Standard scale across rows and replot historgram


In [13]:
from sklearn.preprocessing import StandardScaler, MinMaxScaler

In [14]:
#will start with standard scalar - need to scale along rows, therefore transposing the data to complete standard scale. 

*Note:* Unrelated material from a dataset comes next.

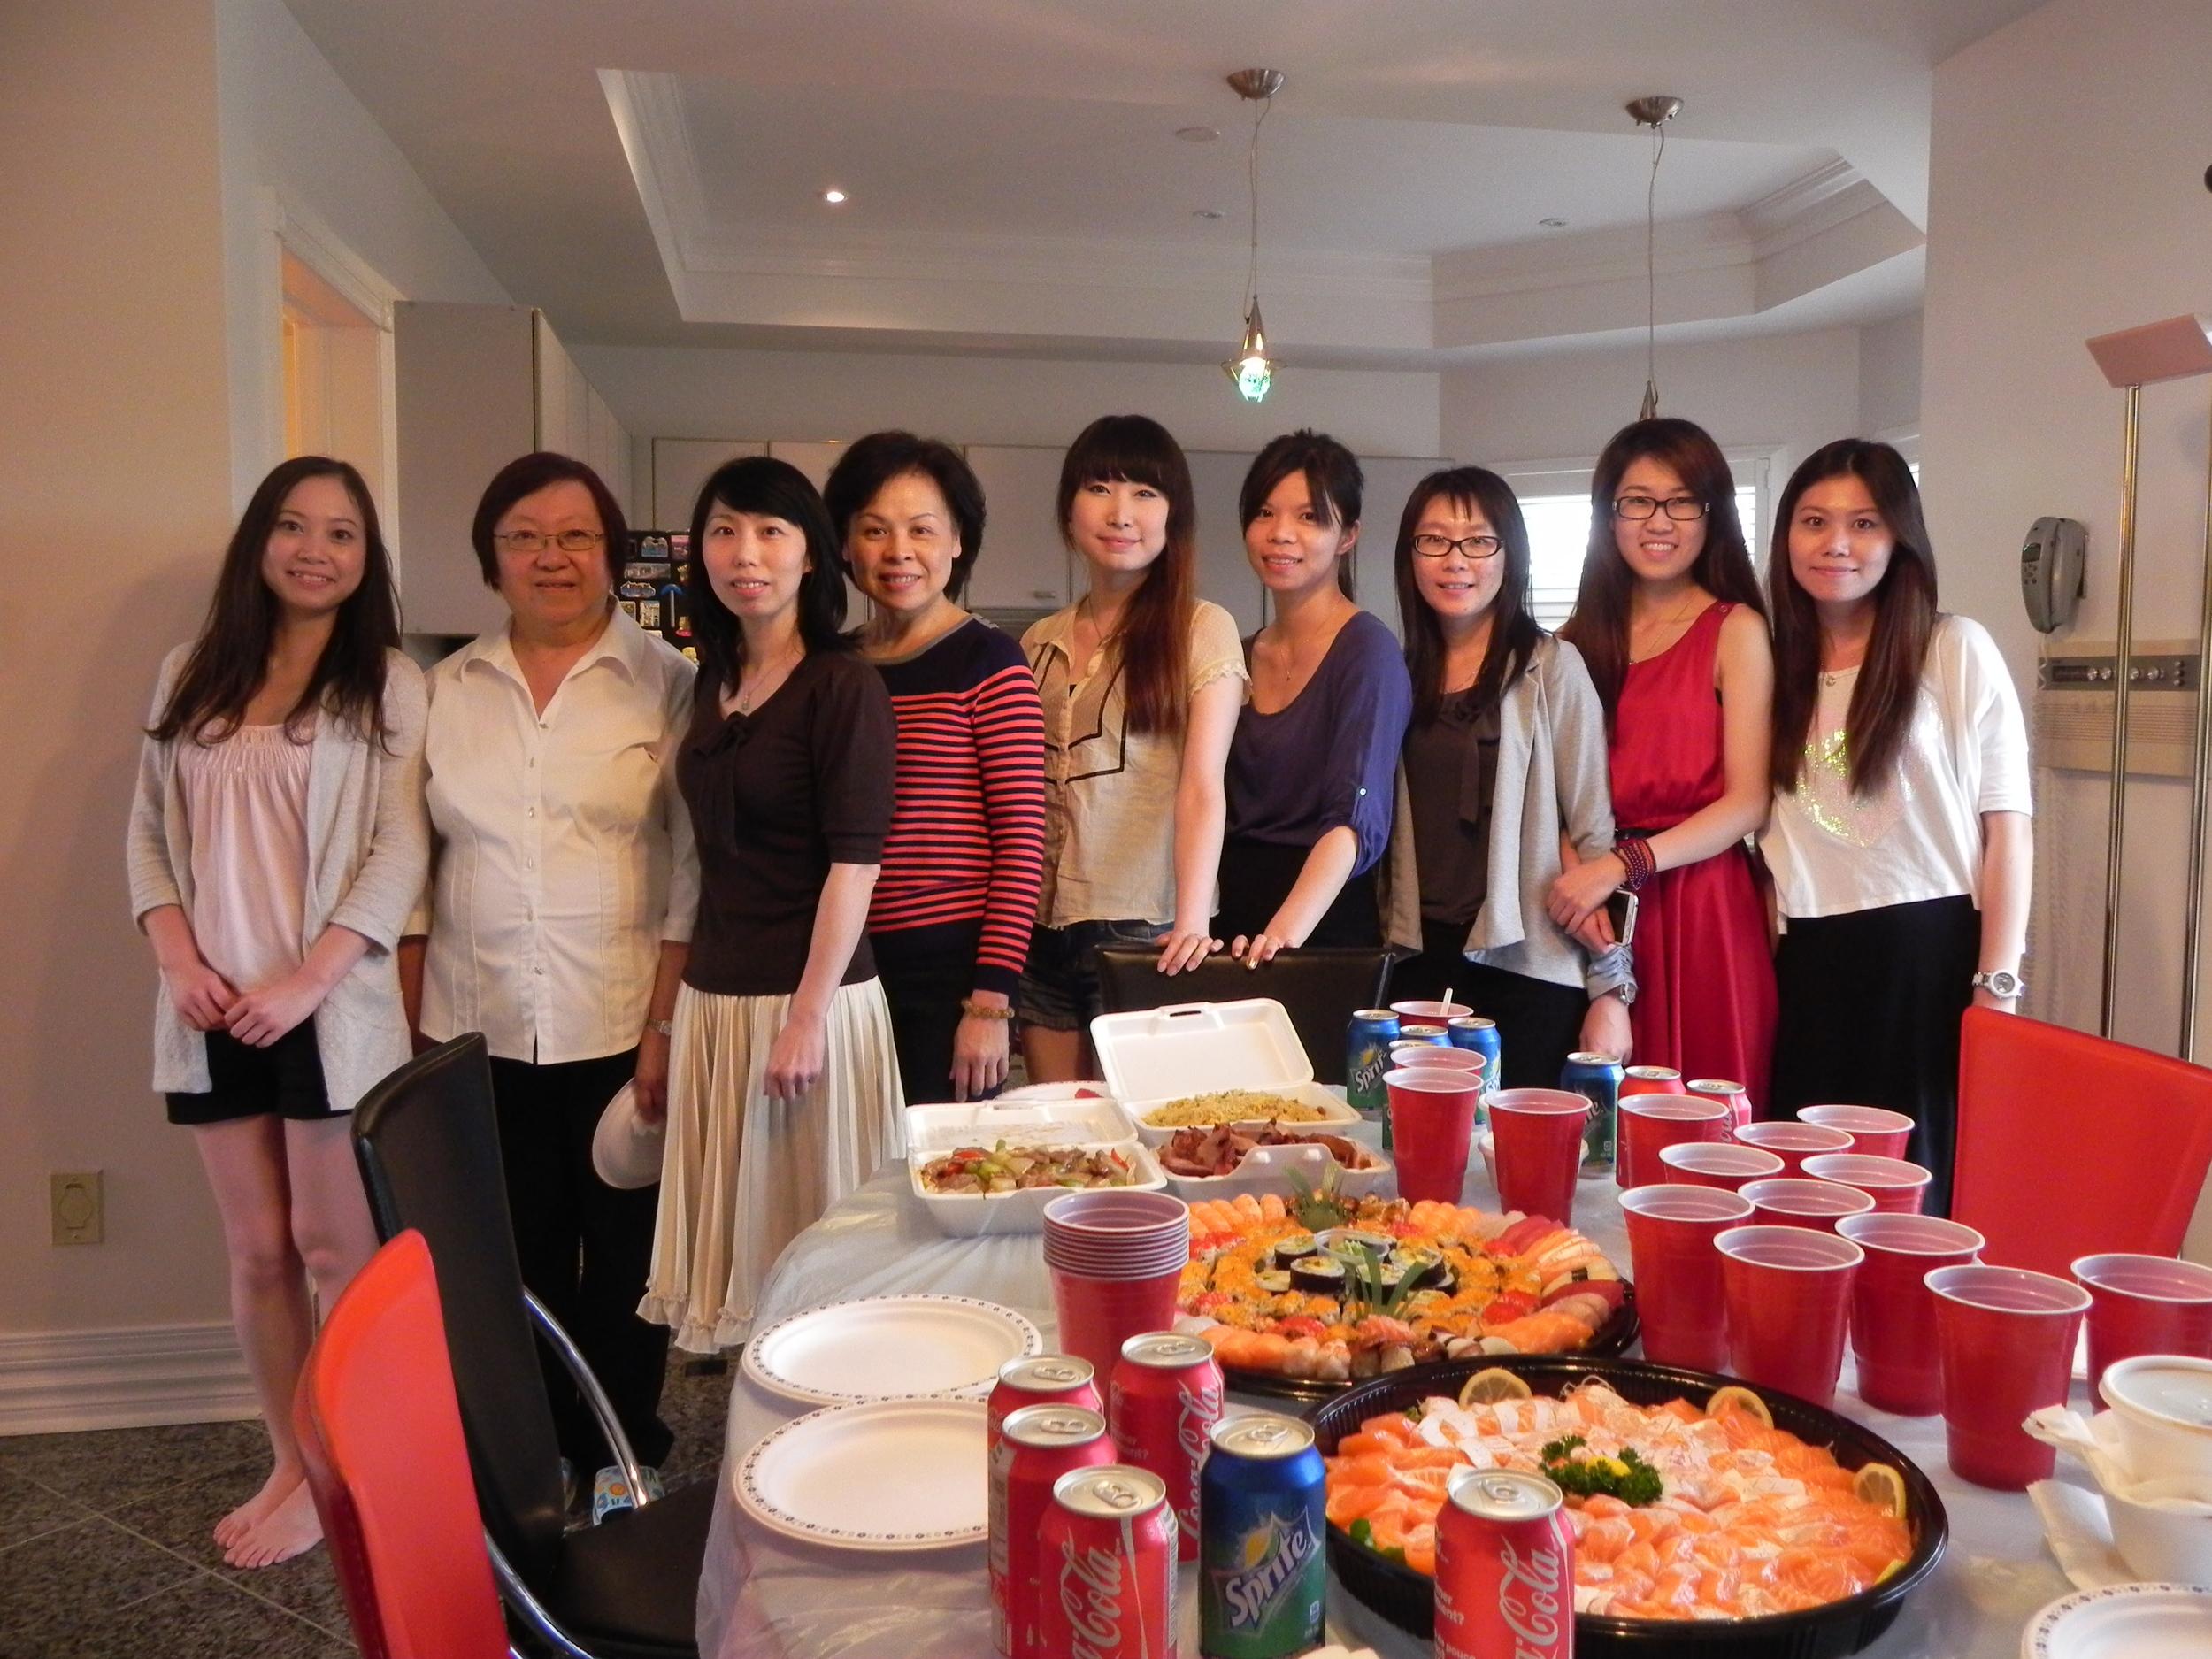 The Ladies of OIBC

df2_TPM_values_T = df2_TPM_values.T #transposing the data
standard_scaler = StandardScaler()

array_stand_scale = standard_scaler.fit_transform(df2_TPM_values_T)
df2a_stand_scale = pd.DataFrame(array_stand_scale)
df2a_stand_scale = df2a_stand_scale.T

df2a_stand_scale.columns = df2_TPM_values.columns
df2a_stand_scale.index = df2_TPM_values.index

In [15]:
df2a_stand_scale.describe()


Out[15]:
5GB1_FM40_T0m_TR2 5GB1_FM40_T10m_TR3 5GB1_FM40_T20m_TR2 5GB1_FM40_T40m_TR1 5GB1_FM40_T60m_TR1 5GB1_FM40_T90m_TR2 5GB1_FM40_T150m_TR1_remake 5GB1_FM40_T180m_TR1
count 4480.000000 4480.000000 4480.000000 4480.000000 4480.000000 4480.000000 4480.000000 4480.000000
mean 0.702837 0.197448 0.068517 -0.042205 -0.281593 -0.167623 -0.026290 -0.451091
std 0.995684 0.872936 0.894152 0.771213 0.935251 0.952852 0.960458 1.139213
min -2.098707 -2.370383 -2.298431 -2.347316 -2.464224 -2.392335 -2.502359 -2.568586
25% -0.060390 -0.467155 -0.687562 -0.599912 -0.982392 -0.946406 -0.709415 -1.373641
50% 0.915573 0.260343 0.166170 -0.075194 -0.328976 -0.334578 -0.063412 -0.727074
75% 1.512664 0.846053 0.790491 0.462960 0.365077 0.576012 0.637181 0.354870
max 2.571021 2.402075 2.449422 2.415837 2.336944 2.556948 2.524248 2.601184

In [16]:
"""
columns = ['5GB1_FM40_T0m_TR2', '5GB1_FM40_T10m_TR3', '5GB1_FM40_T20m_TR2', '5GB1_FM40_T40m_TR1',
           '5GB1_FM40_T60m_TR1', '5GB1_FM40_T90m_TR2', '5GB1_FM40_T150m_TR1_remake', '5GB1_FM40_T180m_TR1']
"""

x1 = df2a_stand_scale["5GB1_FM40_T0m_TR2"]
x2 = df2a_stand_scale['5GB1_FM40_T10m_TR3']
x3 = df2a_stand_scale['5GB1_FM40_T20m_TR2']
x4 = df2a_stand_scale['5GB1_FM40_T40m_TR1']
x5 = df2a_stand_scale['5GB1_FM40_T60m_TR1']
x6 = df2a_stand_scale['5GB1_FM40_T90m_TR2']
x7 = df2a_stand_scale['5GB1_FM40_T150m_TR1_remake']
x8 = df2a_stand_scale['5GB1_FM40_T180m_TR1']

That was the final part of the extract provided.